◆ YOUR INSTRUCTIONS ◆
What is needed is an exact copy of the whole listing below, with no pictures.
(Beginning of INFORMATION PROVIDED)
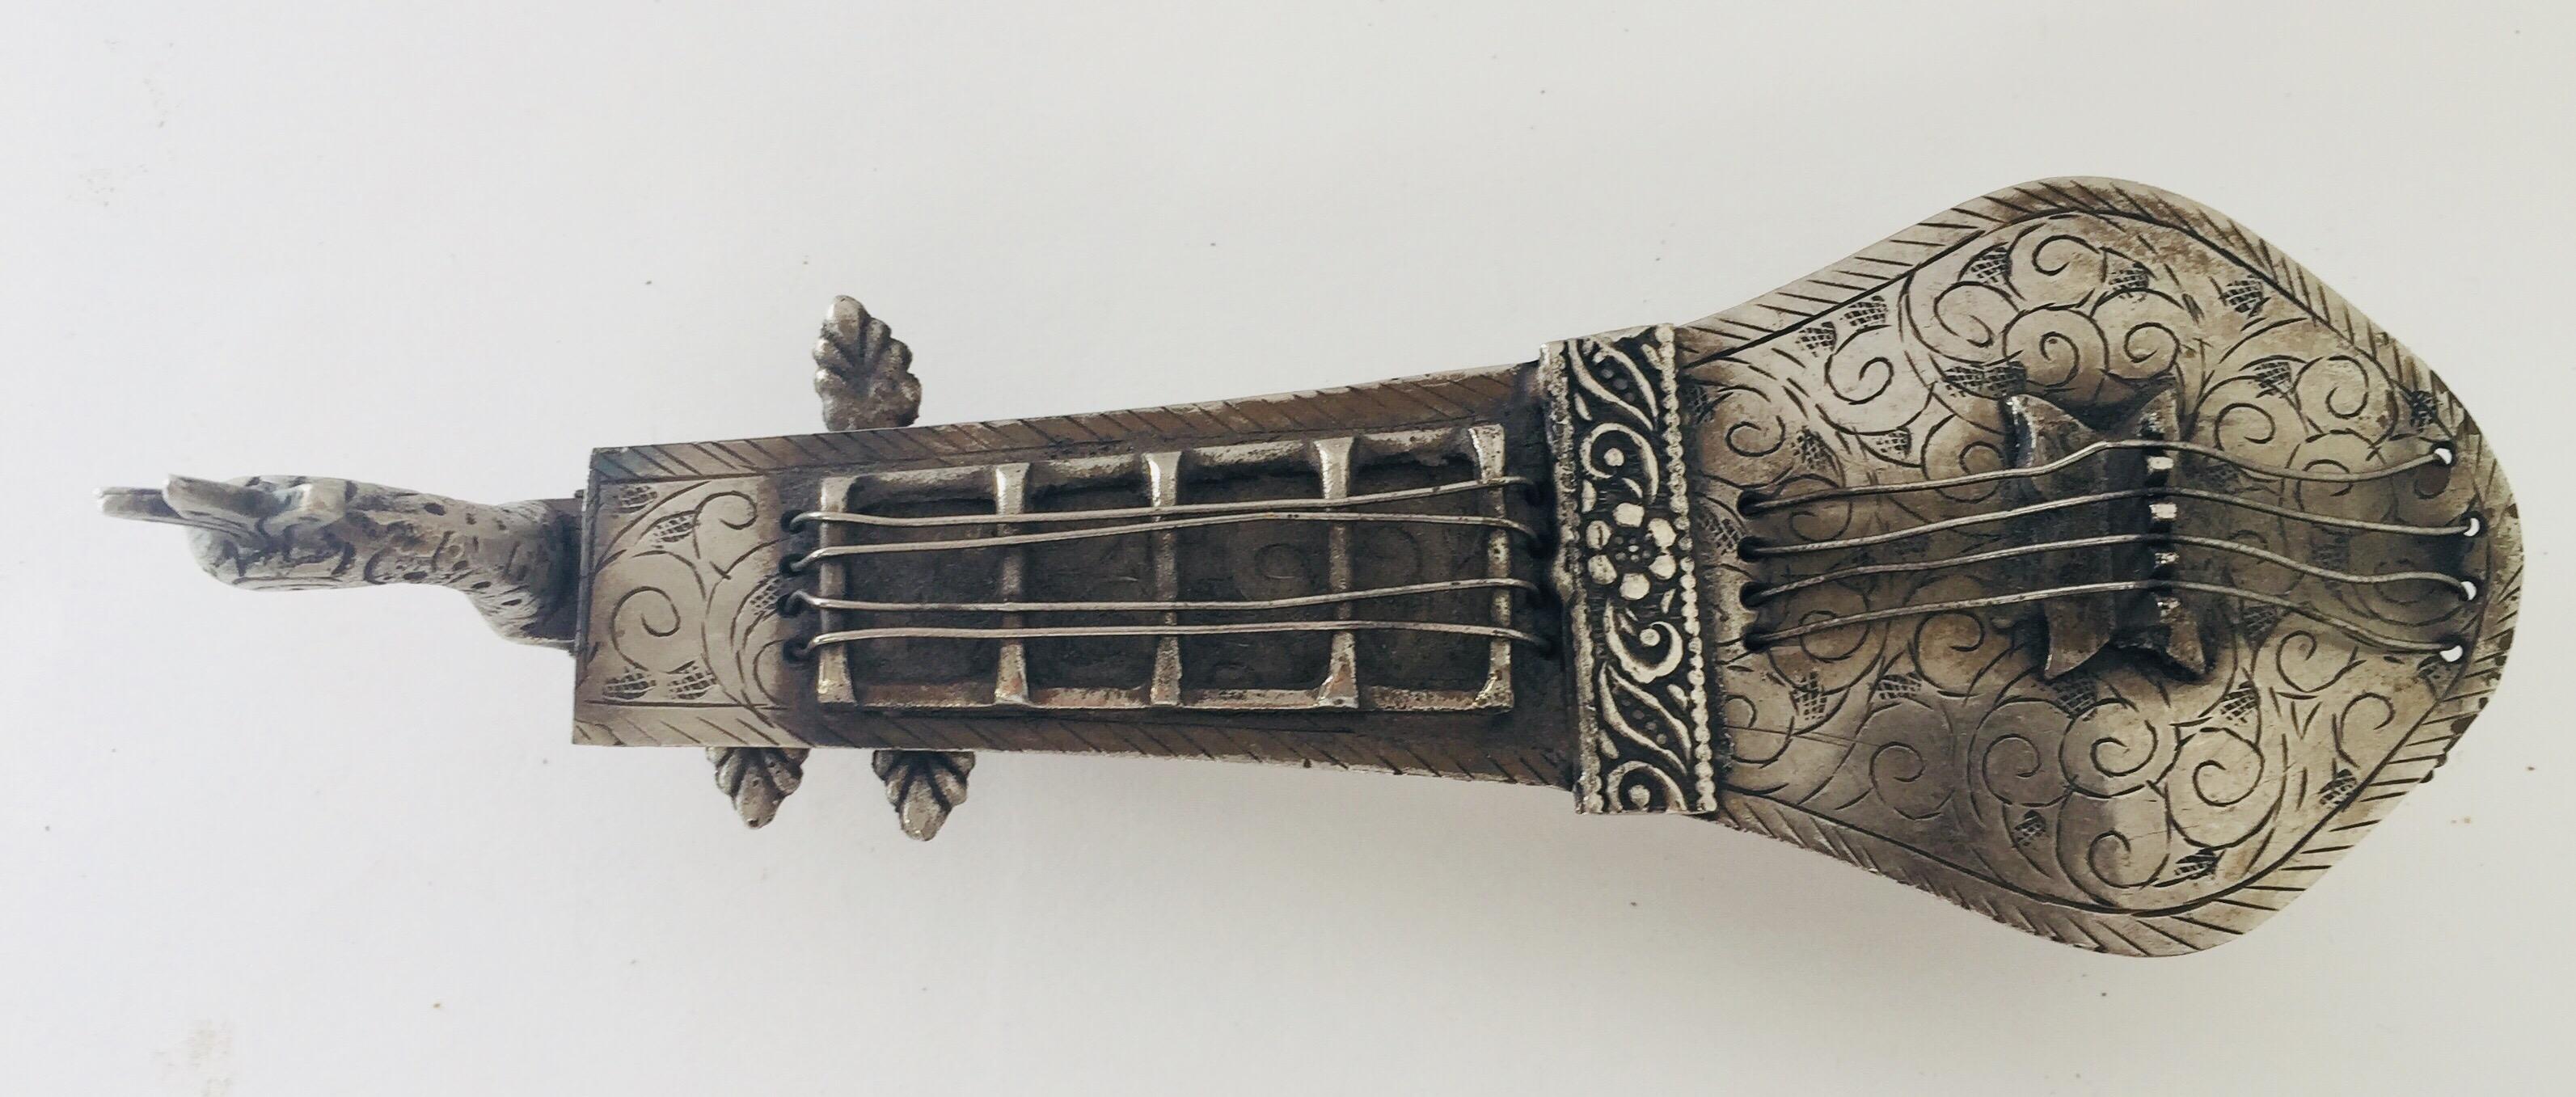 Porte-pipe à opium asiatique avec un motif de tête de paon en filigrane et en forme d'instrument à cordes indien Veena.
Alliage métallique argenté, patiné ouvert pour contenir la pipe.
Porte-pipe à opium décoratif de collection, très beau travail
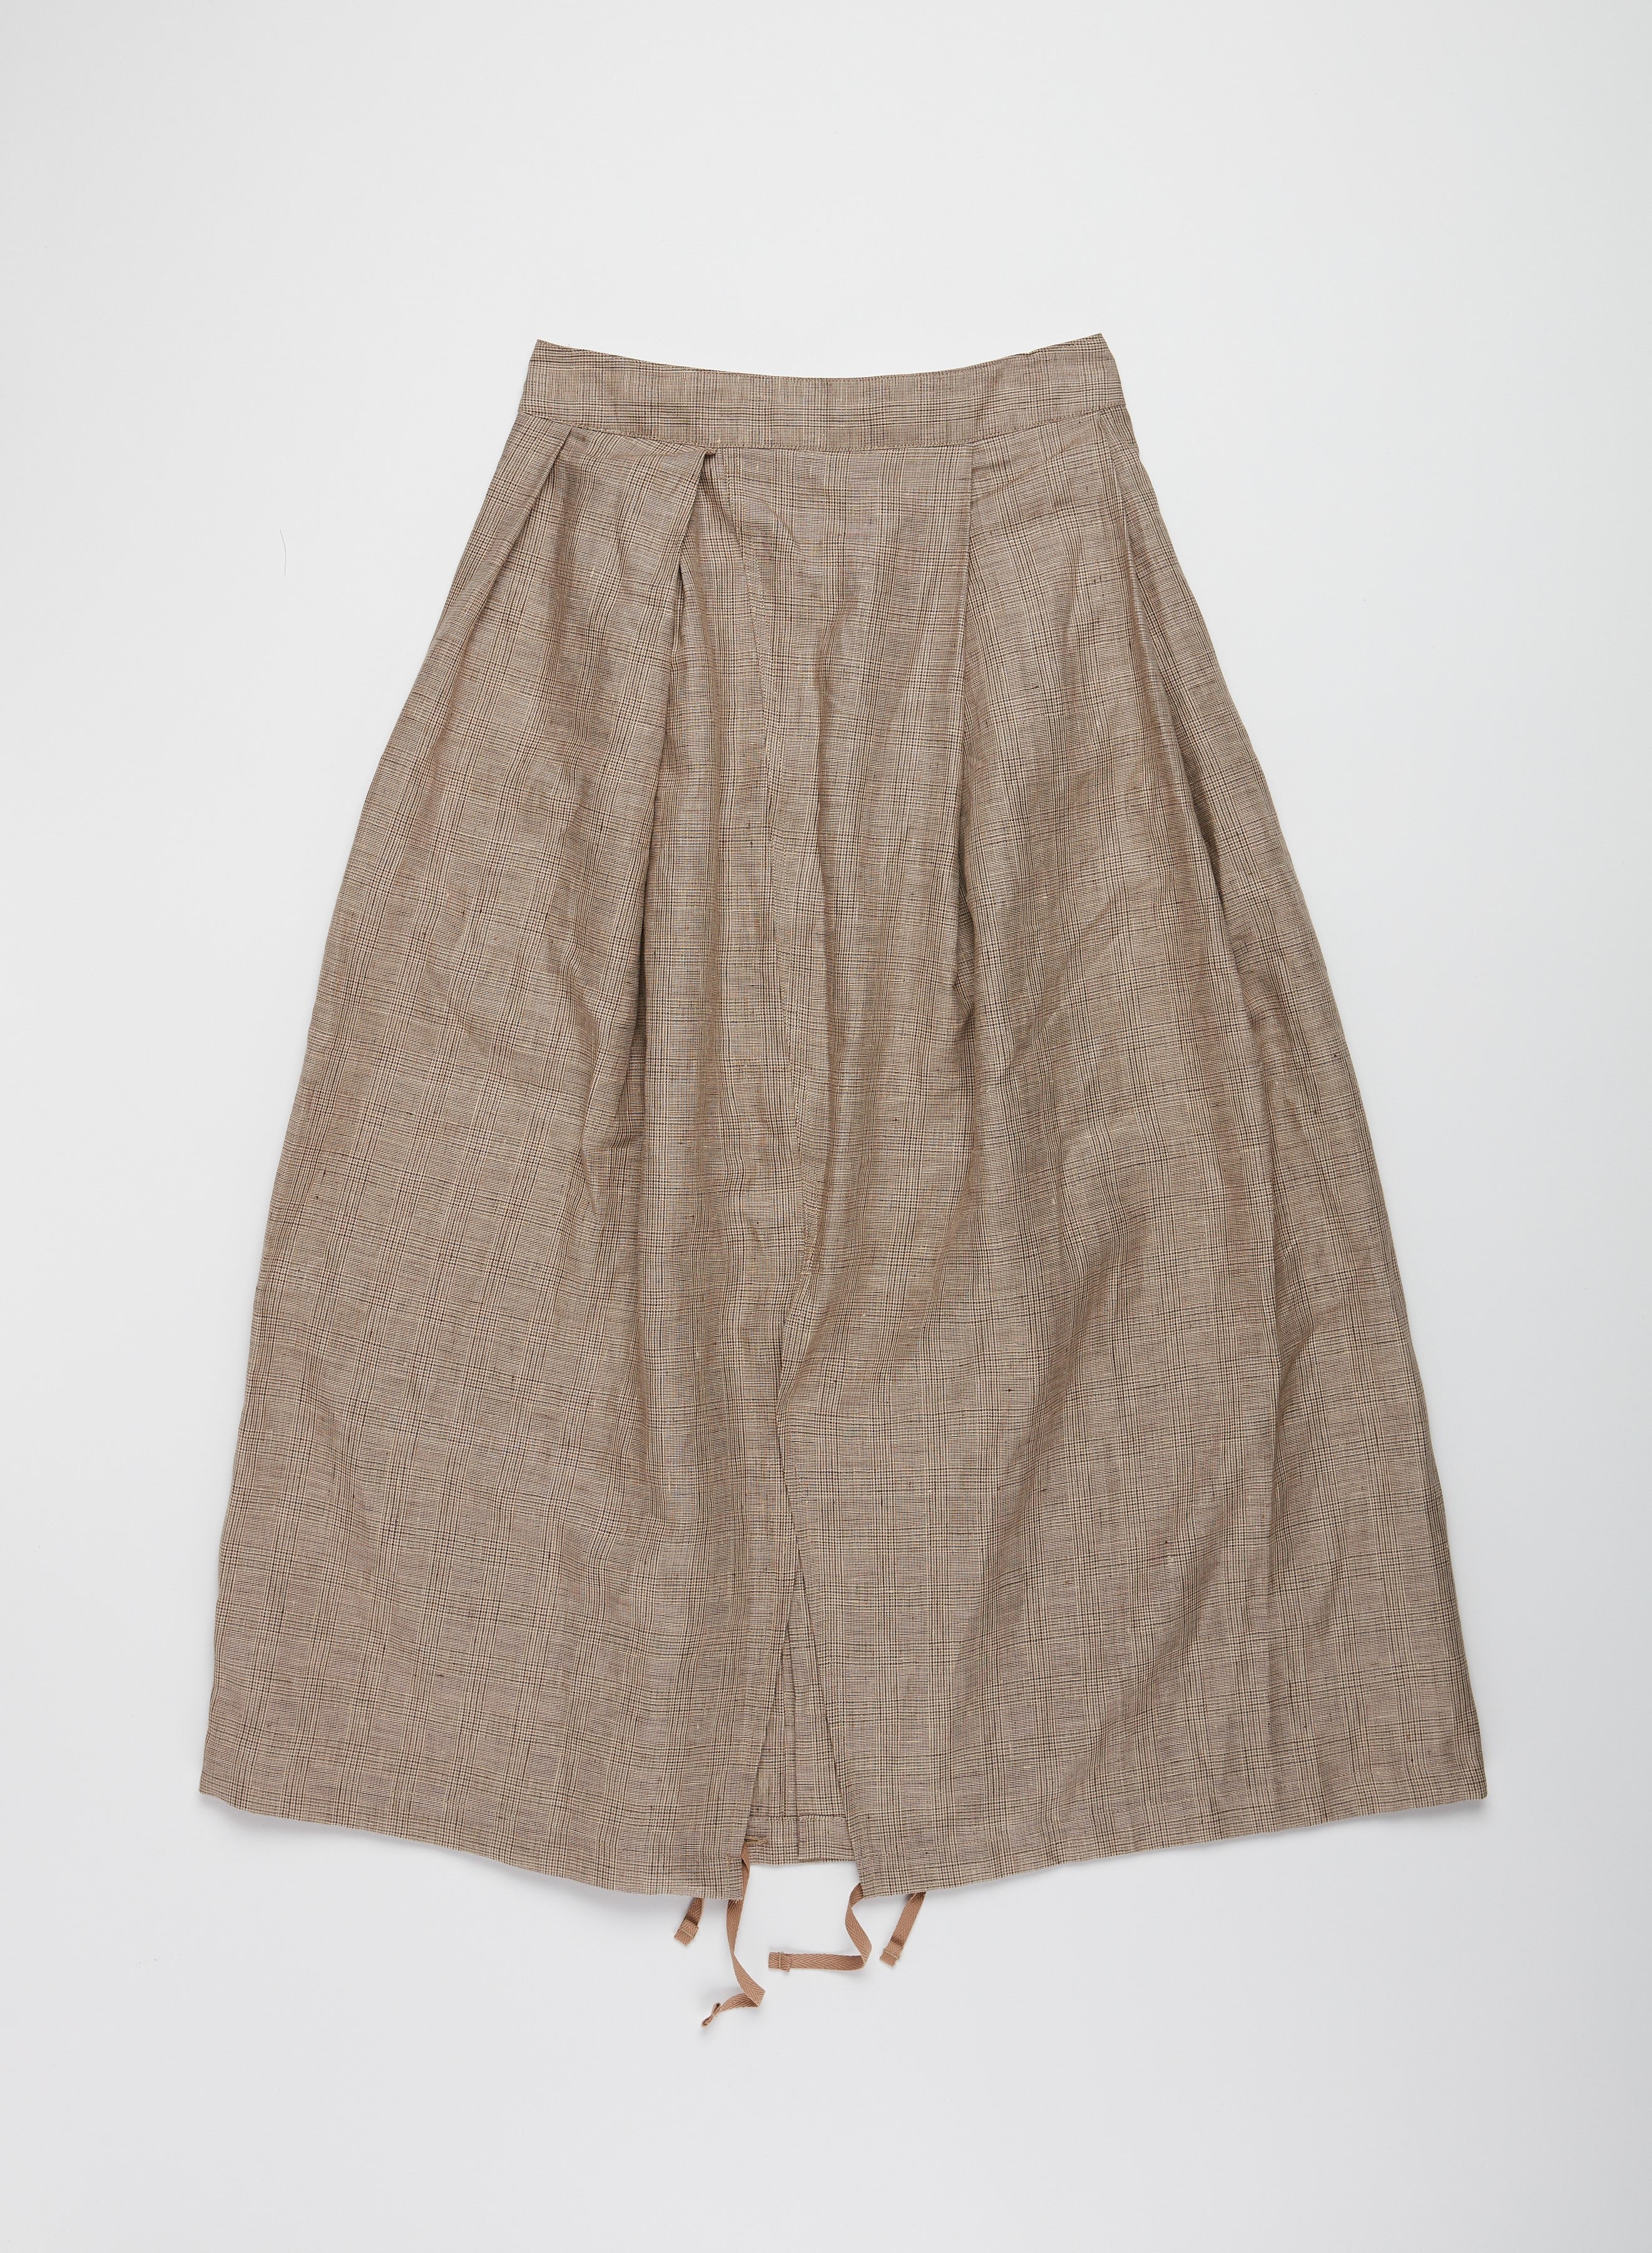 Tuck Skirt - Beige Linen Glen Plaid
(End of INFORMATION PROVIDED)
◆ SOLUTION TO THE PROBLEM ◆
 Porte-pipe à opium asiatique avec un motif de tête de paon en filigrane et en forme d'instrument à cordes indien Veena.
Alliage métallique argenté, patiné ouvert pour contenir la pipe.
Porte-pipe à opium décoratif de collection, très beau travail
 Tuck Skirt - Beige Linen Glen Plaid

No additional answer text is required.